Am I missing something?

"FOR ANNOUNCEMENT TO THE MARKET 

Total Revenue from continuing operations up 0.5% to NZ$240.6 million. 

Net profit after tax from continuing operations attributable to shareholders increased NZ$4.8 million 
(+44%) to NZ$15.7 million. 

Net profit after tax attributable to shareholders (including discontinued operations) increased 561% 
to NZ$214.5 million. 

Earnings per share on continuing operations increased by 44% to NZ8.33 cents per share (NZ5.78 
cents per share in corresponding period on a like for like basis). 

No interim dividend has been declared and as such no dividend will be paid for the six months 
ended 31 March 2007. 

Net Asset backing as at 31 March 2007 was NZ$1.28 per share (NZ$1.70 per share as at 31 
March 2006). "

Looks good to me.


----------



## Fool (26 November 2009)

Stock code: TWR

TOWER LIMITED

Current Price $1.510

About the company 
Tower Limited (TWR) provides a comprehensive range of risk insurance and wealth management products and services to customers throughout New Zealand and the Pacific Islands. Products and services include life and general insurance, superannuation, retail managed funds and master trusts.

Insurance Market Cap $385 Million

Shareholders Buying
Date	Shareholder	Previous %	New %	Shares Traded
28-04-09	Orbis Group	5.02%	6.33%	2,628,272
02-10-09	Orbis Group	6.33%	7.68%	7,328,827

Shareholders Selling 
Date	Shareholder	Previous %	New %	Shares Traded
No Shareholder Activity

P/E Ratio - 7.69 

See todays announcement "TOWER Dividend"

“TOWER advises that a final dividend of 9 cents per share will be paid on 2 February 2010 (Payment
Date) to all shareholders as at 5pm on Friday, 15 January 2010 (Record Date).

Dividend Yield of 5.96%,  pretty good for a $1.5 stock. 

DYOR


----------



## oldblue (27 November 2009)

Yes, TWR's made a good recovery over the last year or two. The SP responded appropriately yesterday.
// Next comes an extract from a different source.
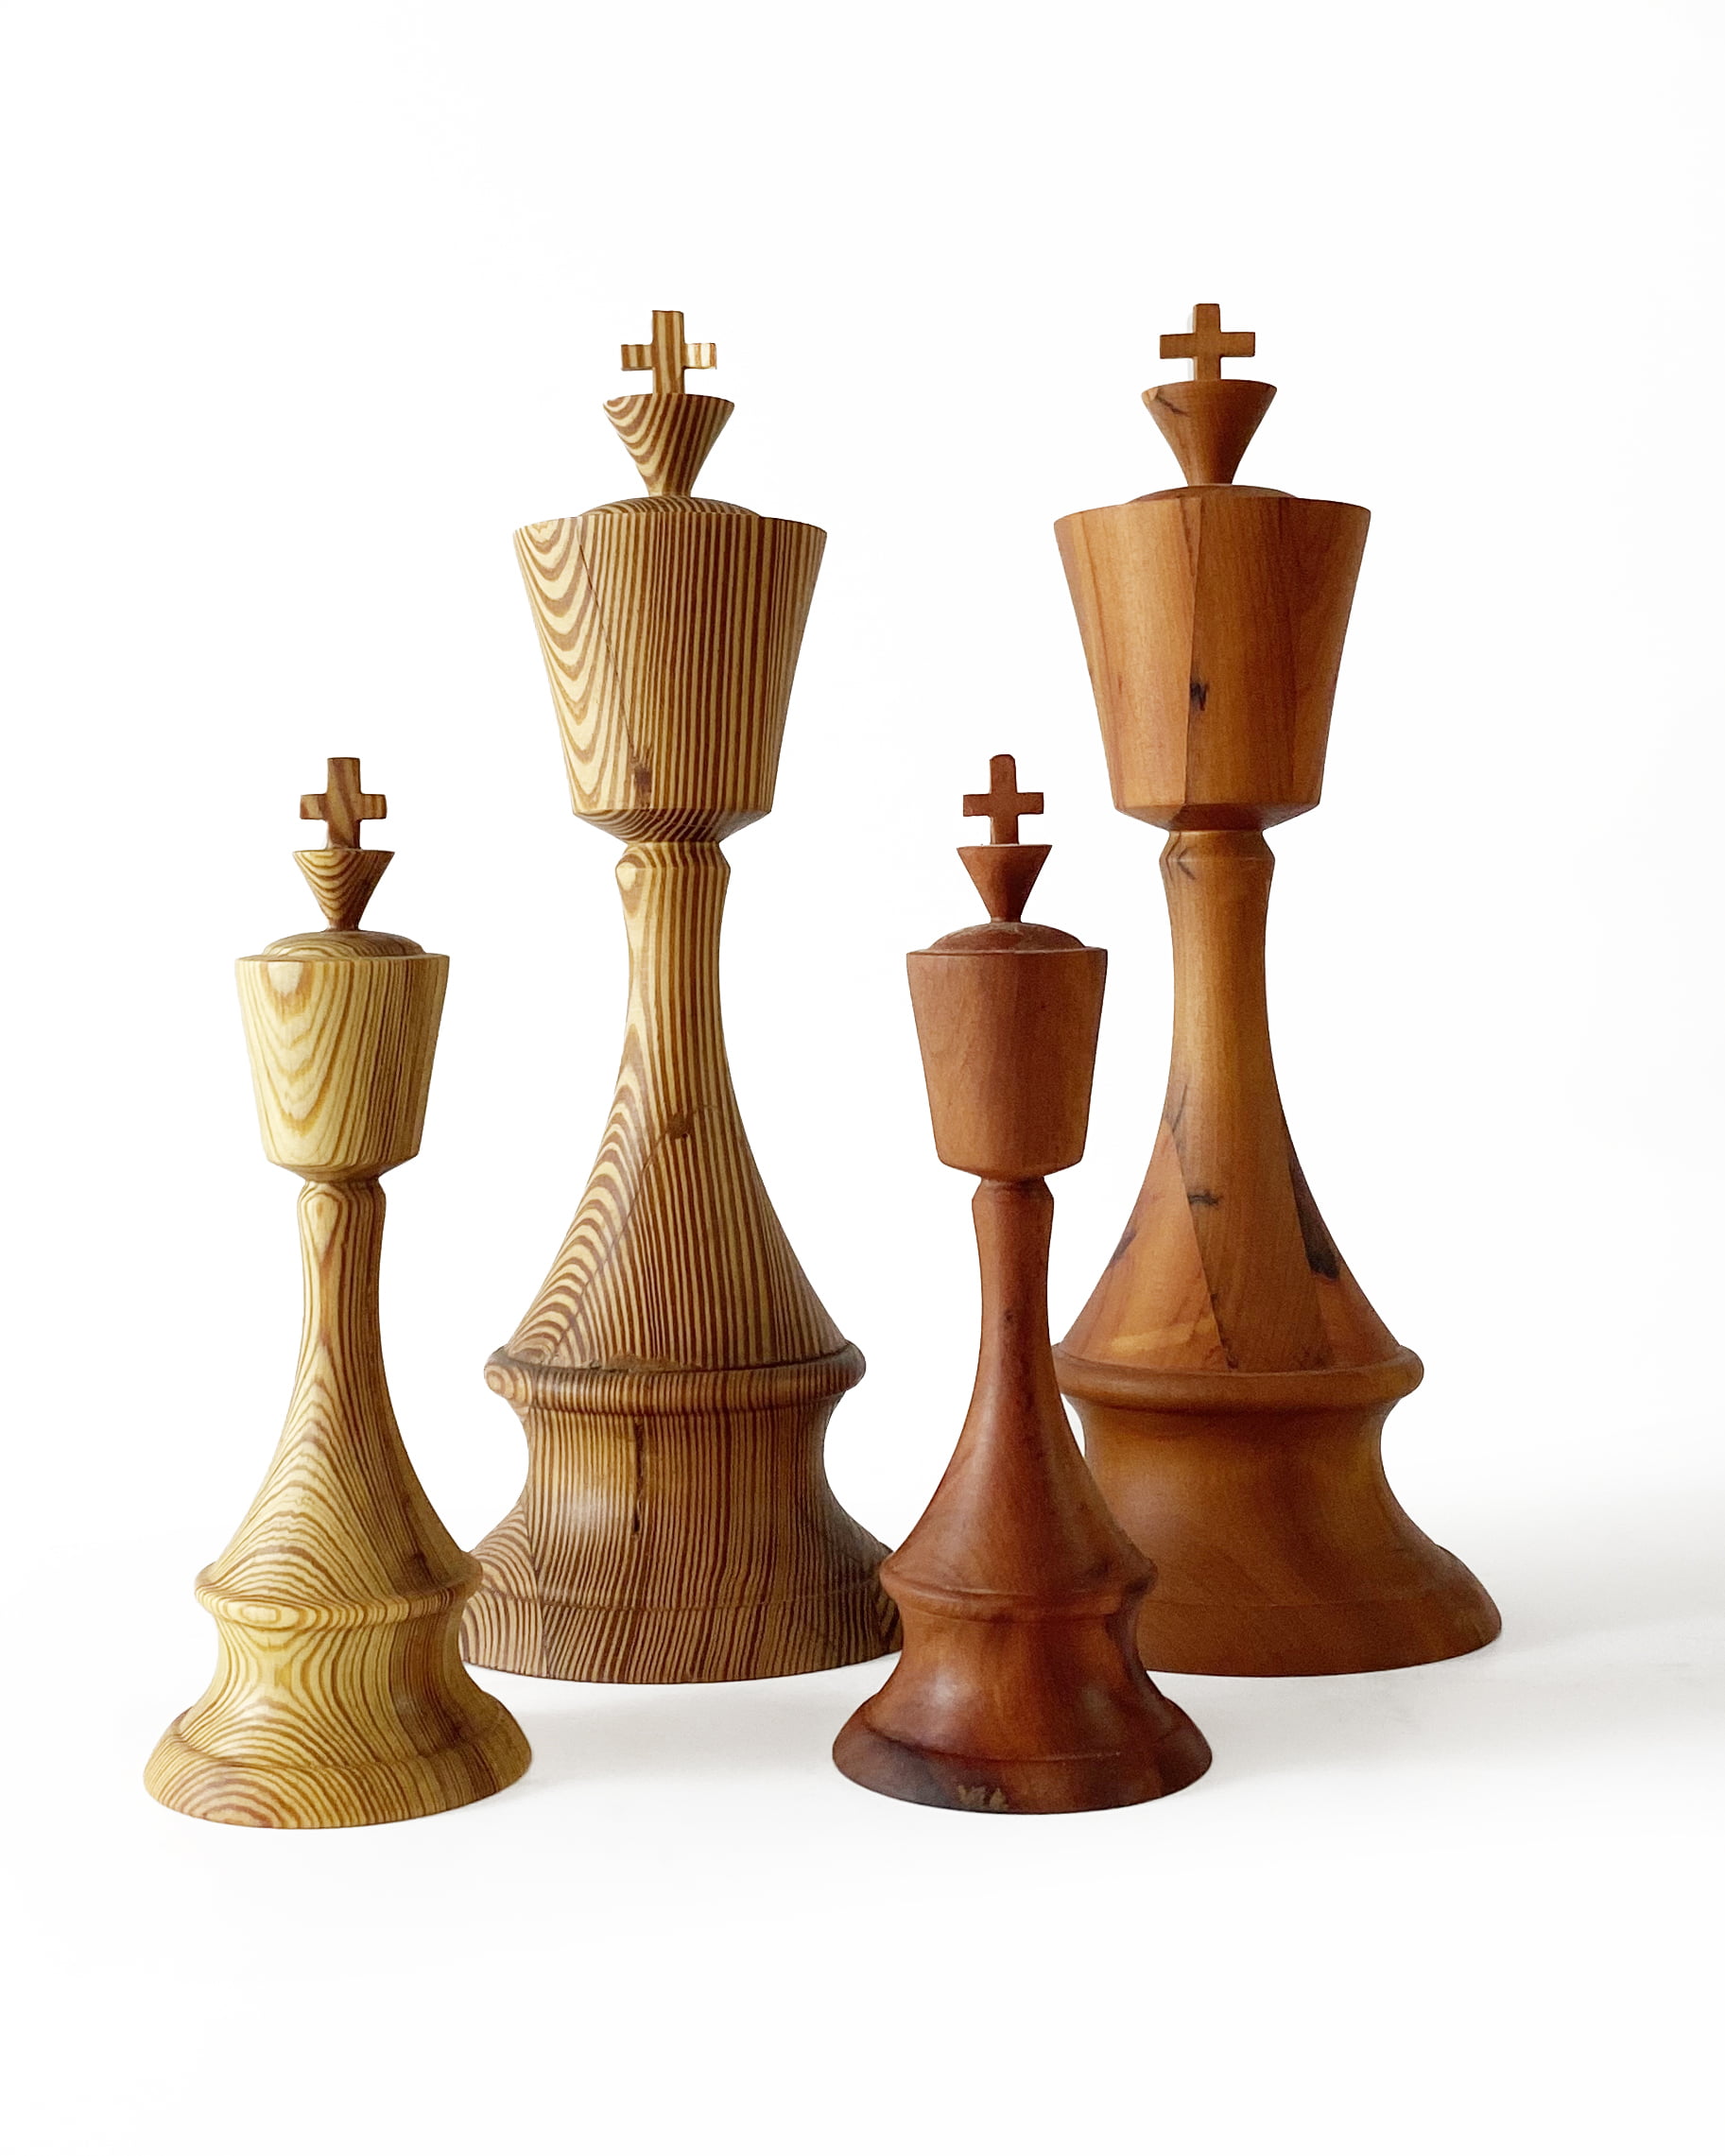 Padrão único de origem étnica xadrez moderno

With GPG holding 35% of the stock there's the prospect of corporate action at some stage.Would TWR be the aggressor or the target?


----------



## Tommy Shelby (2 February 2022)

Pretty quiet thread on this company.

Tower is an insurance company servicing NZ and Pacific region, can't be easy with the number of earthquakes etc and example being the volcano eruption in Tonga.
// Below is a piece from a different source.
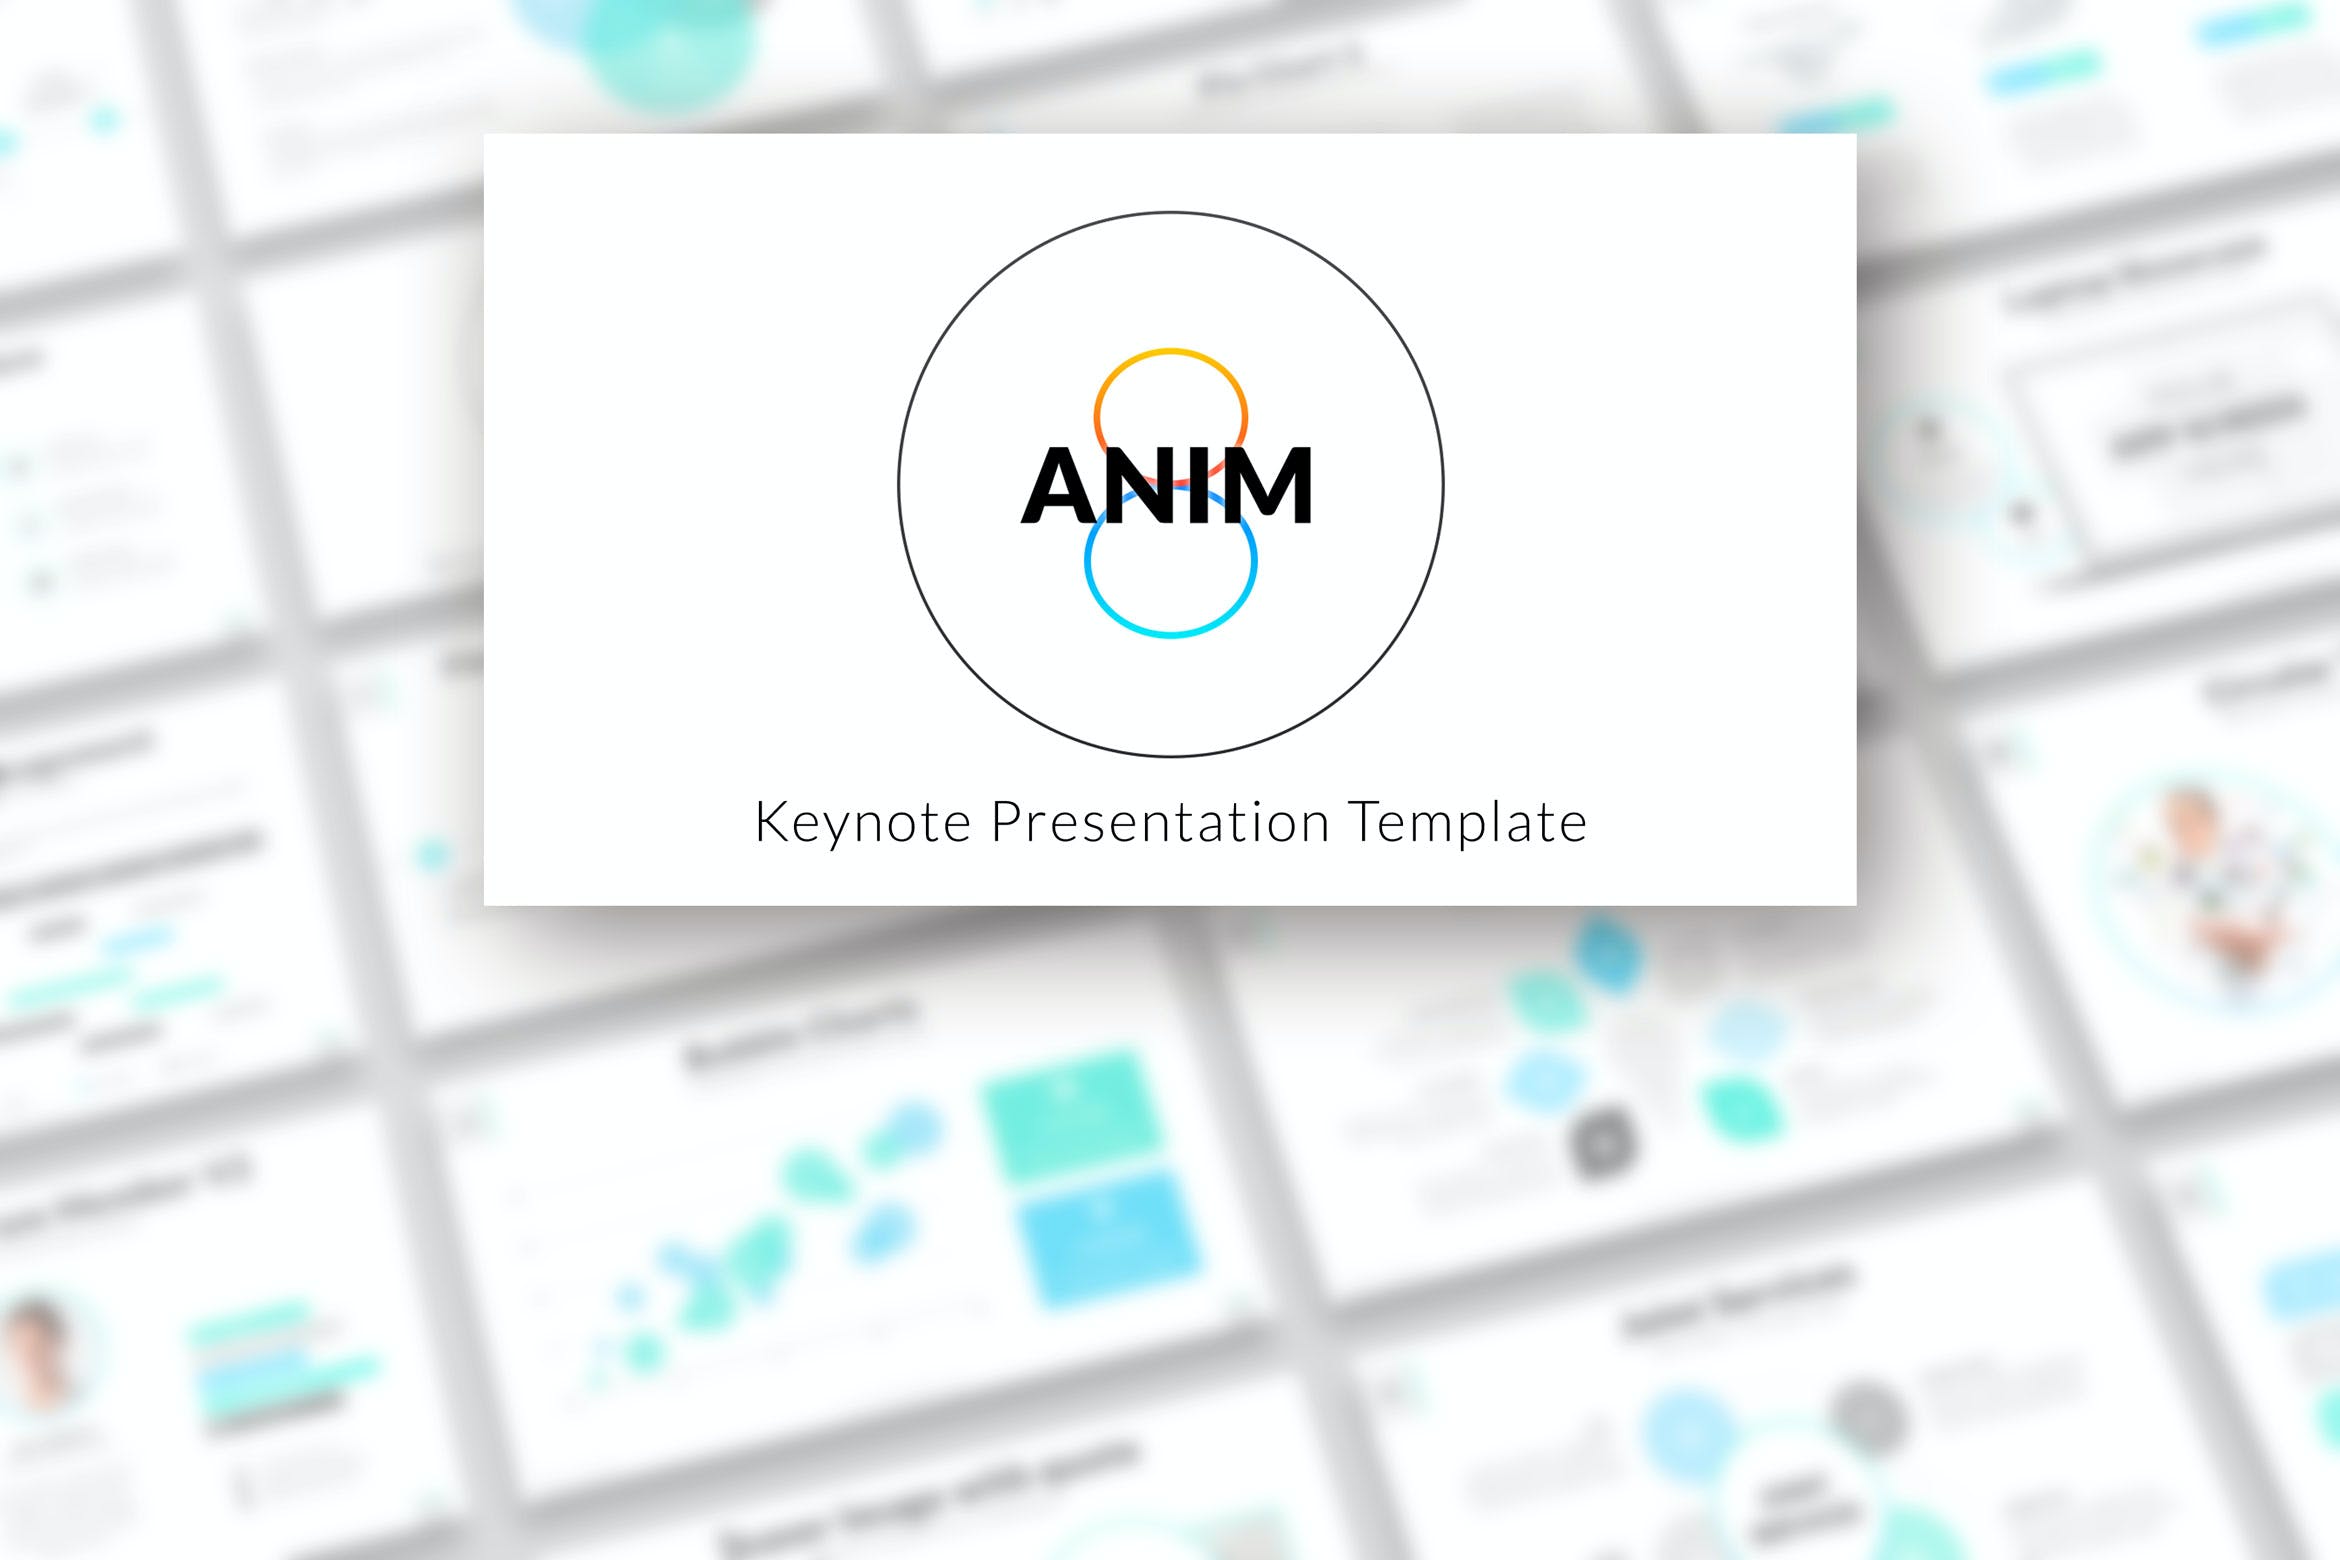 1060 商业报告或创意设计演示Keynote幻灯片模板 Anim8 – Keynote Presentation Template

Profit guidance for $21-$25m at a current MC of $264m = P/E of between 10.5 - 12.5 and 6% dividend yield.

TWR has IRD approval for a return of capital to shareholders via share buy back. at NZ$.72 the company will be paying $0.67 AUD for 1 of every 10 shares held.

Shame it isn't in the ASX300 - would be tempted to add into the super fund


----------